Gamma-ray bursts (GRBs) are extremely bright and energetic explosions that occur in distant galaxies. They are thought to be caused by the collapse of massive stars or the collision of neutron stars. GRBs emit a wide range of radiation, including gamma rays, which are the most energetic form of light.
The brightest explosions in the cosmos, gamma-ray bursts enable astronomers to detect powerful gamma rays for brief periods of time. Gamma-ray bursts can be categorised as short or long, with extended bursts occurring when large stars die. This is why they offer hints about how the cosmos has evolved.
Gamma-ray bursts emit gamma rays as well as radio waves, optical lights, and X-rays. The entire explosion energy can be determined by simply combining all of the emitted energy when the conversion efficiency, or ratio of explosion energy to emitted energy, is high. Measuring the released energy alone is insufficient, however, when the conversion efficiency is low or unknowable.
Now, a group of astrophysicists has achieved measuring the hidden energy of a gamma-ray burst using light polarization. The team was led by Dr. Yuji Urata from the National Central University in Taiwan and MITOS Science CO., LTD and Professor Kenji Toma from Tohoku University’s Frontier Research Institute for Interdisciplinary Sciences (FRIS).
Knowing the measurements of the progenitor star’s true masses will help in understanding the evolutionary history of the universe. The first stars in the universe could be discovered if we can detect their long gamma-ray bursts.
Professor Kenji Toma
Details of their findings were published in the journal Nature Astronomy on December 8, 2022.
When an electromagnetic wave oscillates in only one direction, it is said to be polarized. Although stars don’t emit polarized light, they do reflect polarized light. Polarization is a common technique used to reduce glare from light sources moving in a single direction. Examples of these products include sunglasses and light shields.
Measuring the degree of polarization is referred to as polarimetry. It is more difficult to measure a celestial object’s polarimetry in astrophysical investigations than its brightness. But it offers valuable information on the physical conditions of objects.

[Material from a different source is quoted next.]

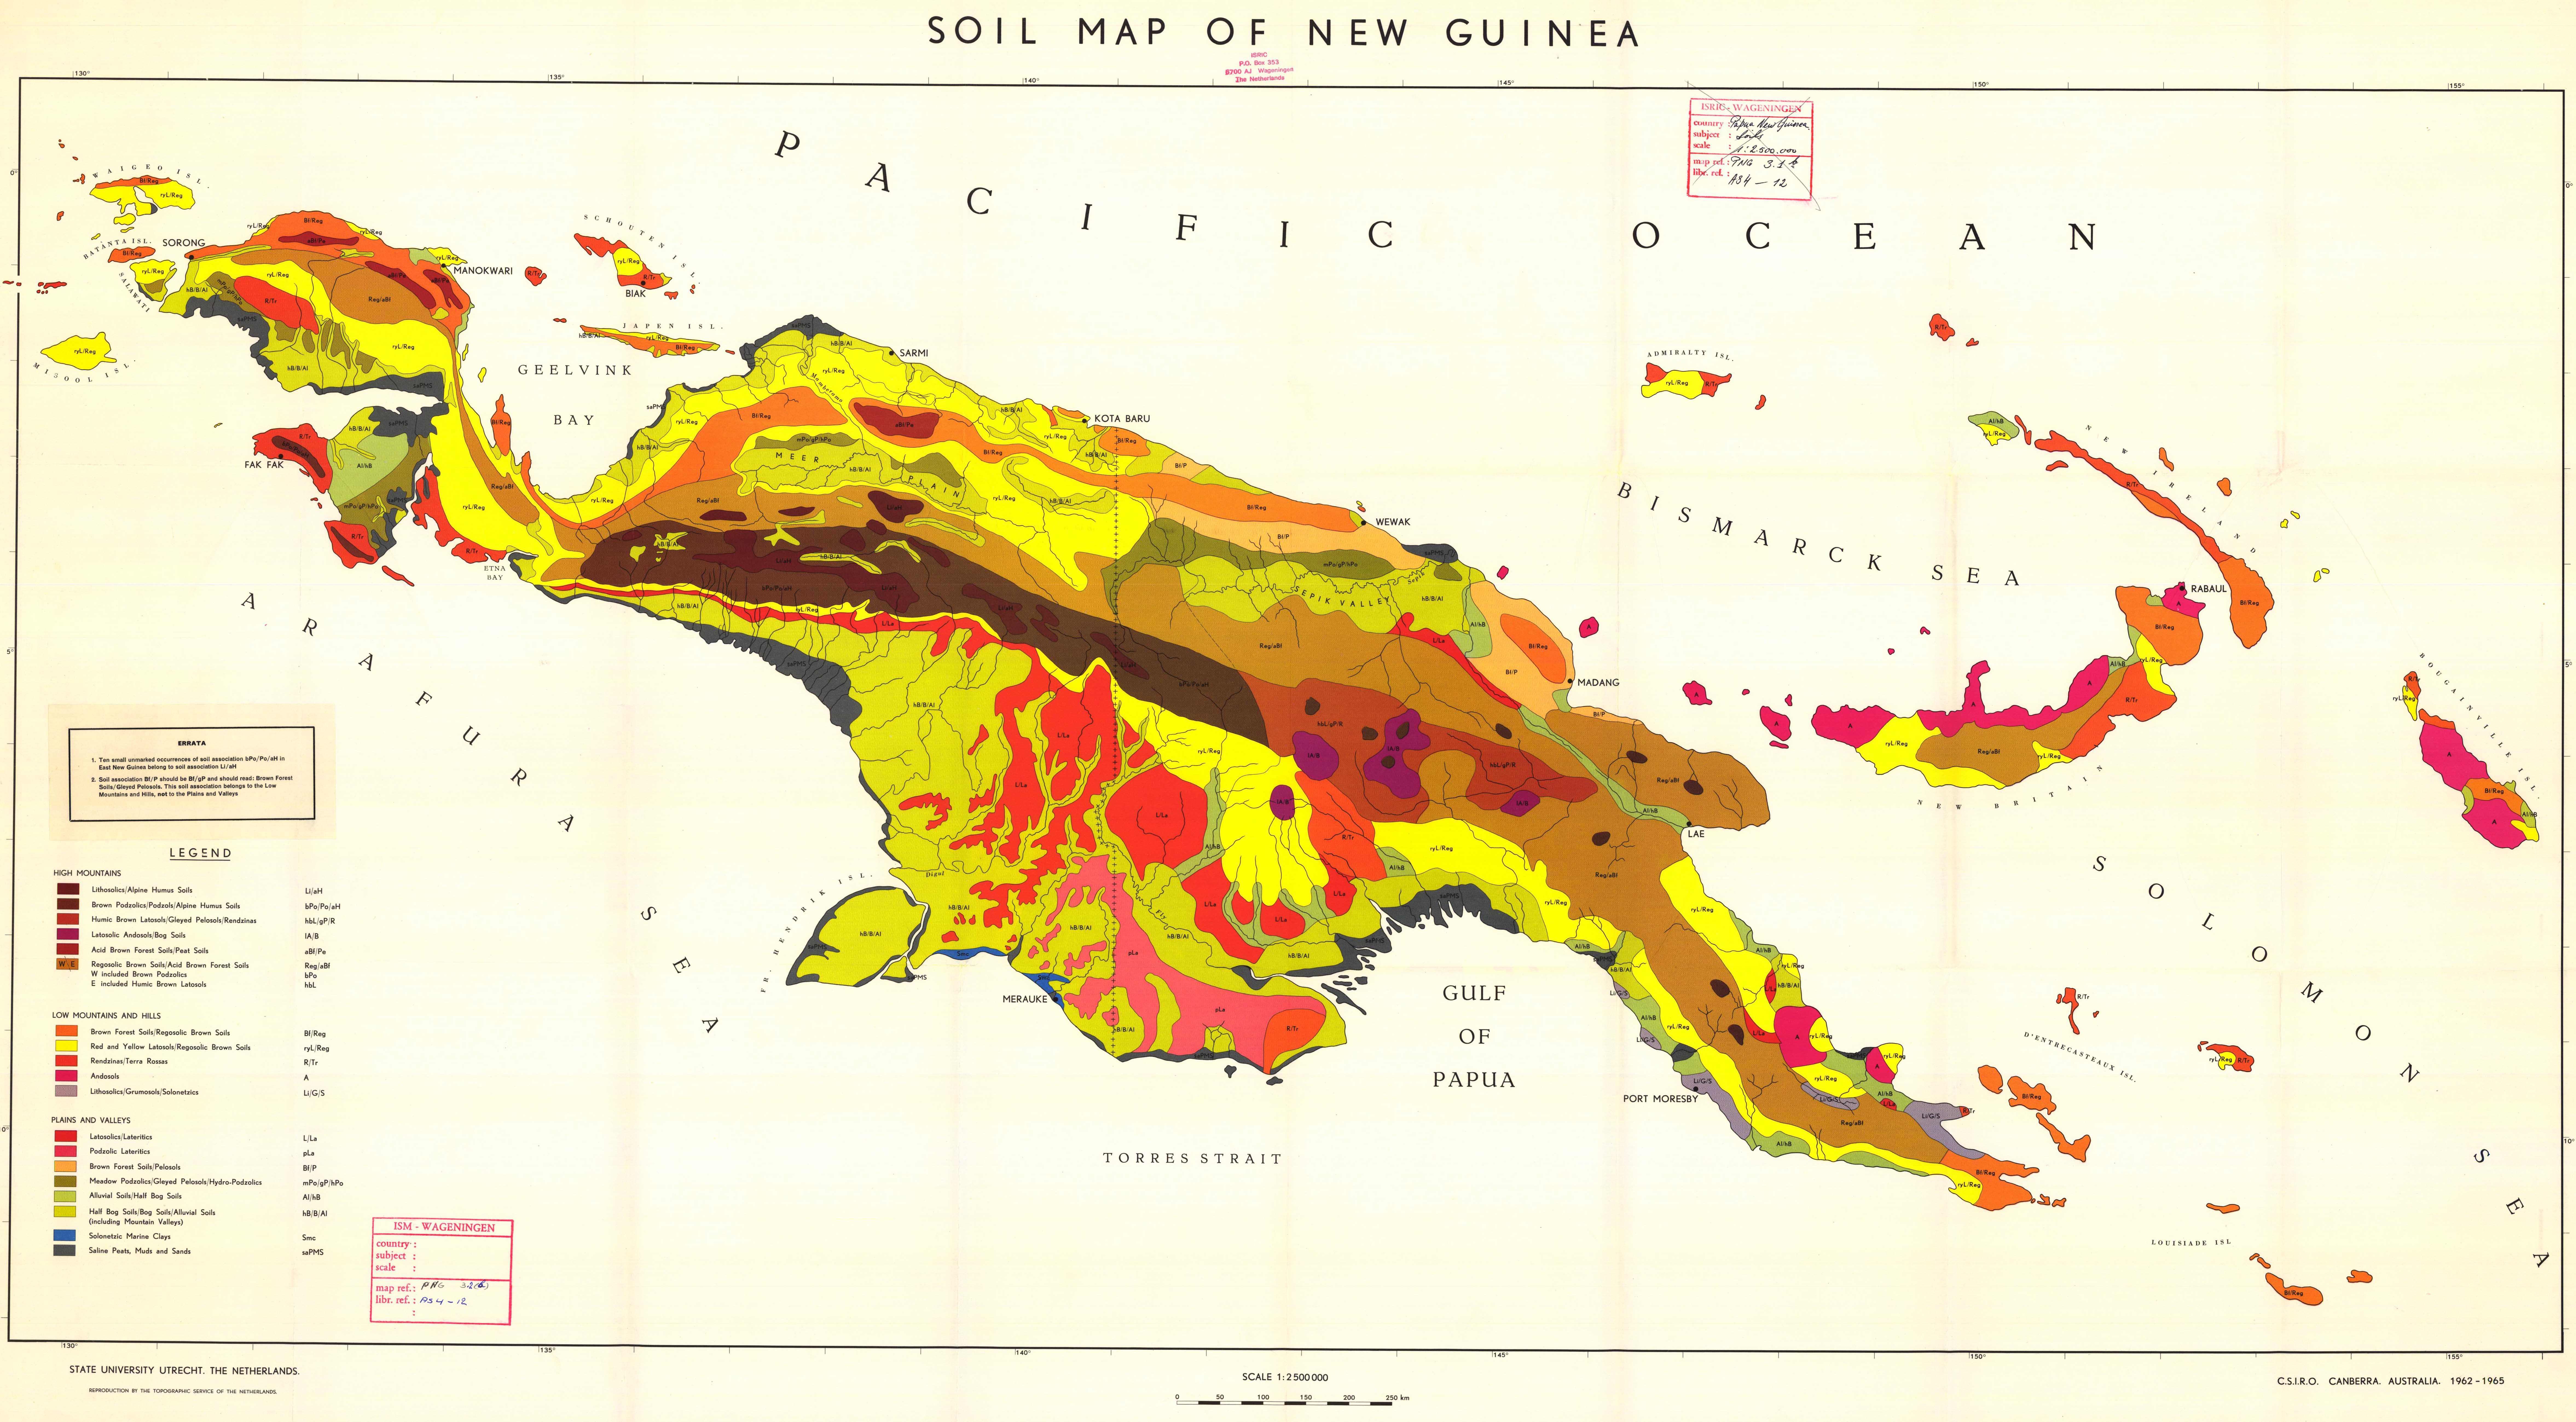 (New Guinea New Guinea)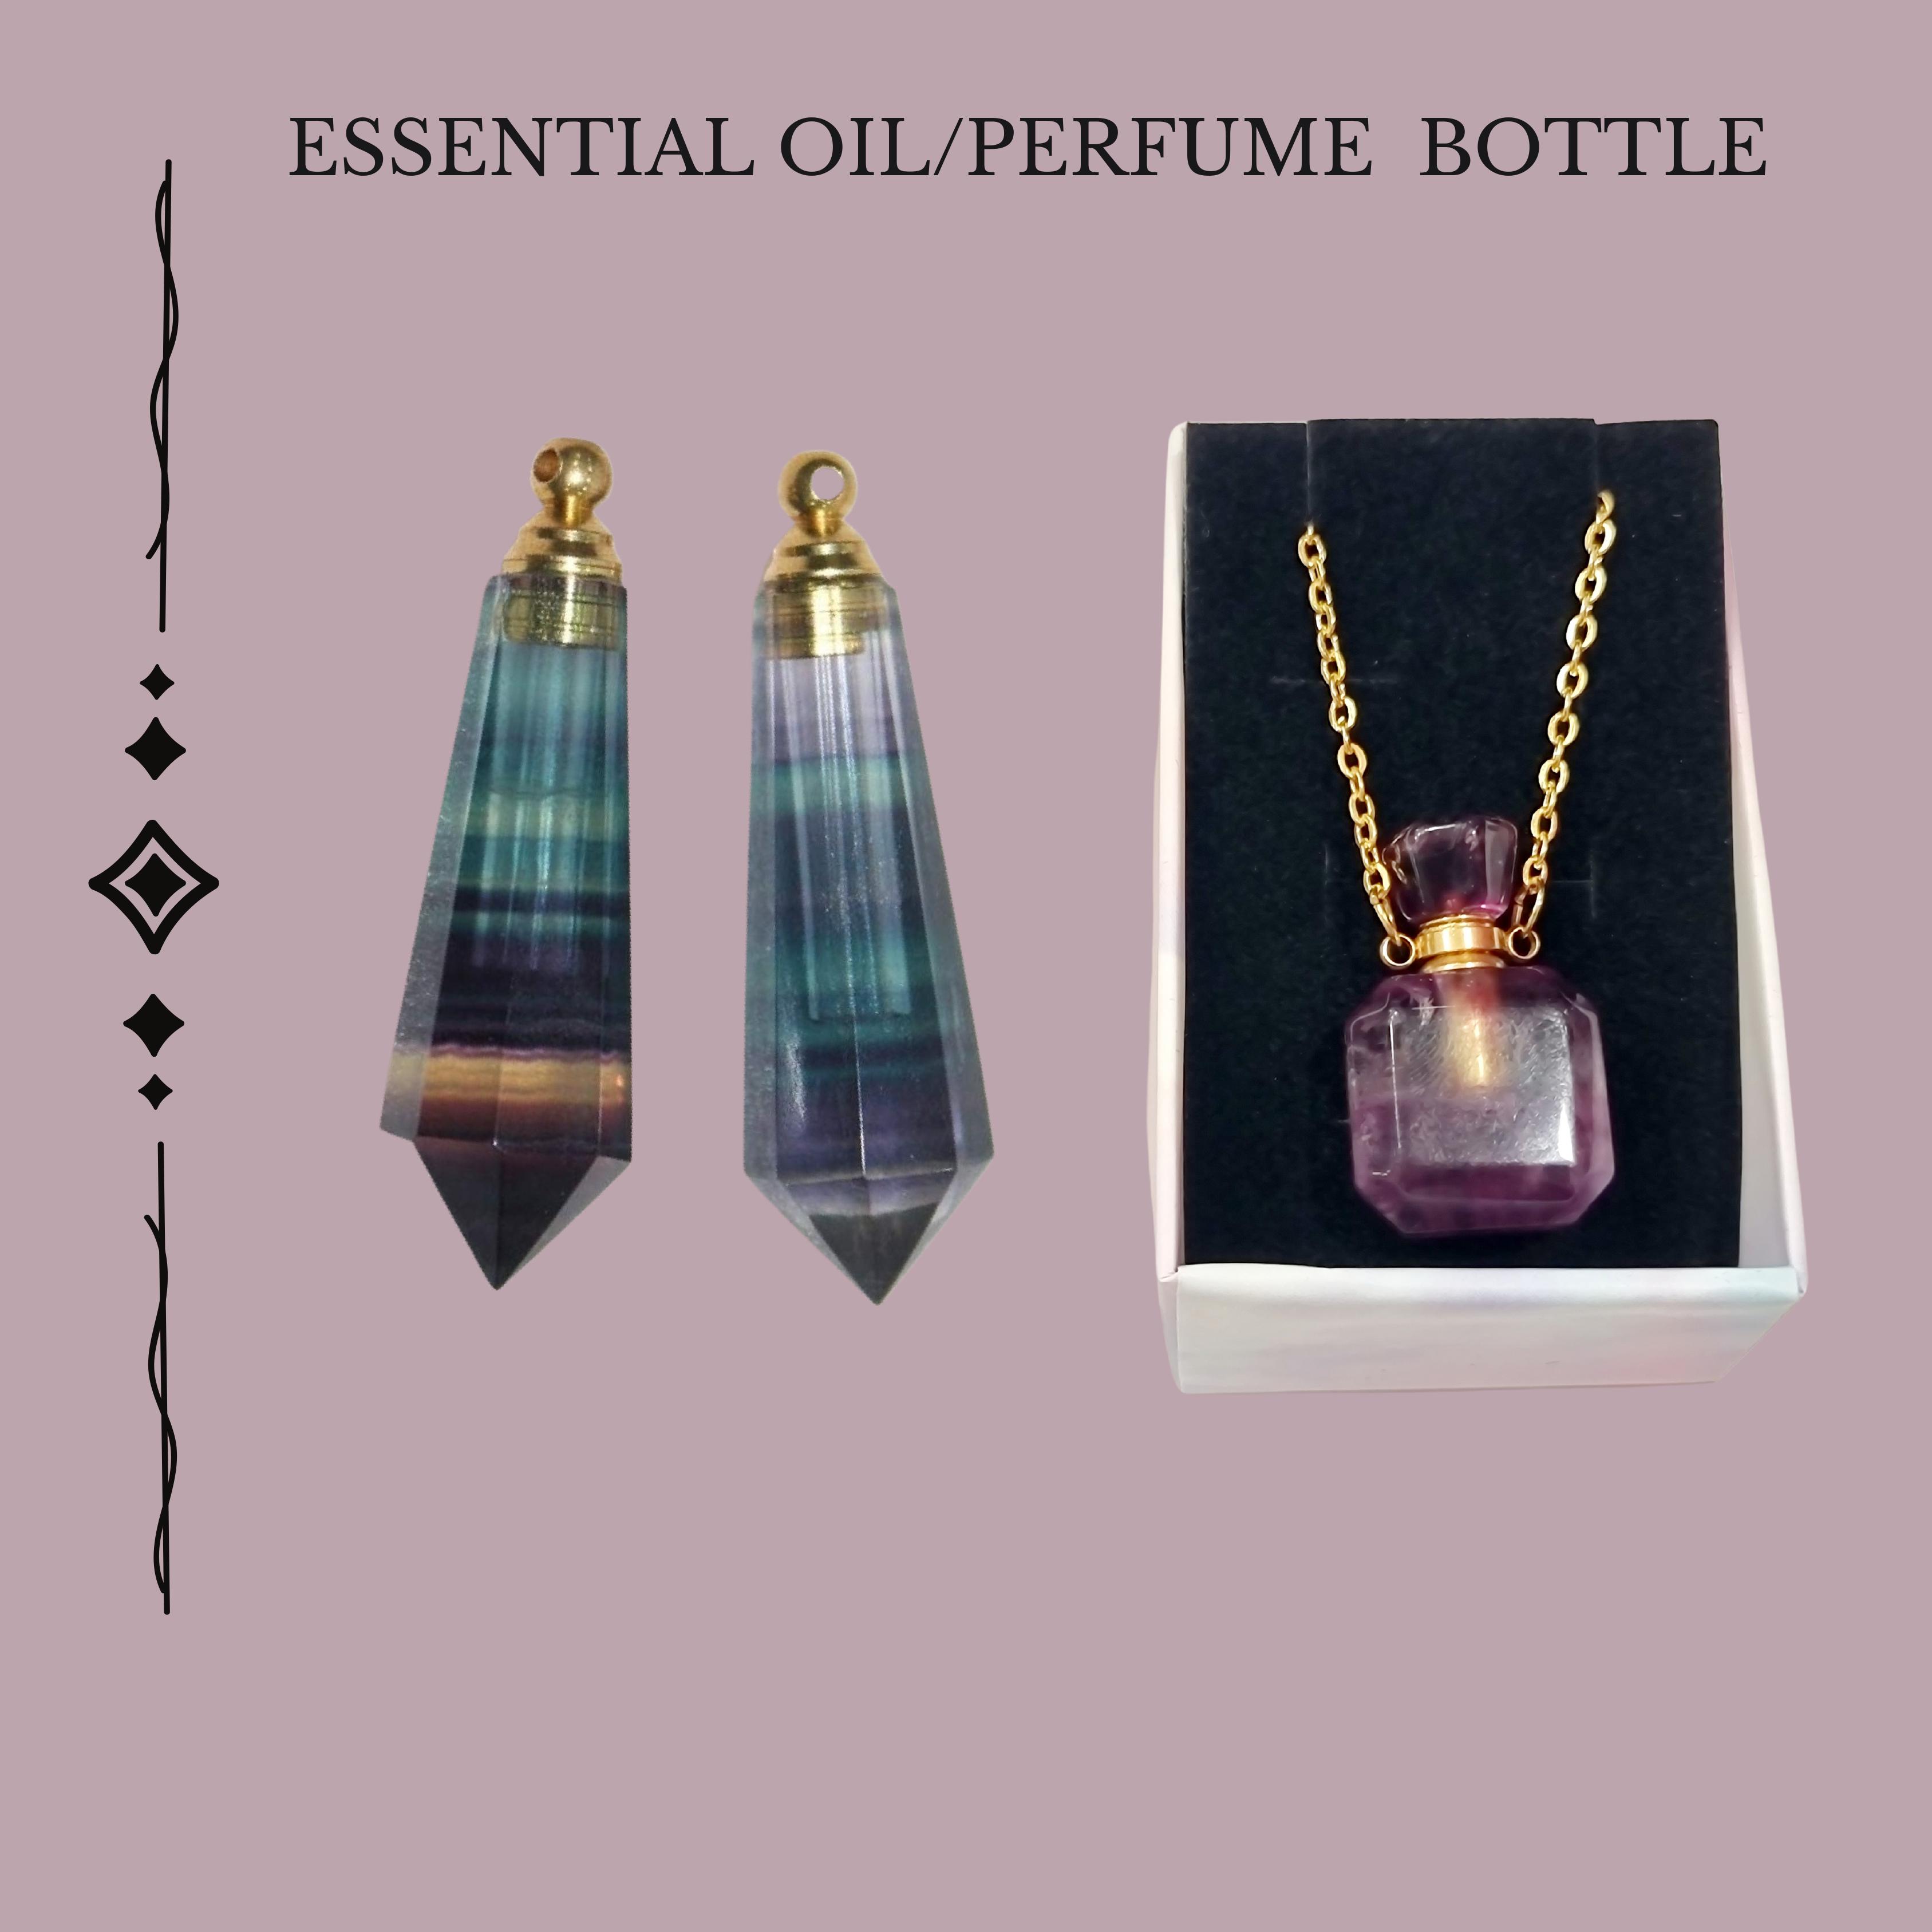 Essential Oil/Perfume Bottle

The team looked at a gamma-ray burst which occurred on December 21, 2019 (GRB191221B). Using the Very Large Telescope of the European Southern Observatory and Atacama Large Millimeter/submillimeter Array some of the world’s most advanced optical and radio telescopes they calculated the polarimetry of fast-fading emissions from GRB191221B. The optical and radio polarizations were then successfully measured at the same time, and it was discovered that the radio polarization degree was much lower than the optical one.
“This difference in polarization at the two wavelengths reveals detailed physical conditions of the gamma-ray burst’s emission region,” said Toma. “In particular, it allowed us to measure the previously unmeasurable hidden energy.”
The scientists discovered that the overall energy was around 3.5 times larger than anticipated after accounting for the hidden energy.
Being able to measure this quantity has significant implications for calculating the masses of stars since the explosion energy represents the gravitational energy of the progenitor star.
“Knowing the measurements of the progenitor star’s true masses will help in understanding the evolutionary history of the universe,” added Toma. “The first stars in the universe could be discovered if we can detect their long gamma-ray bursts.”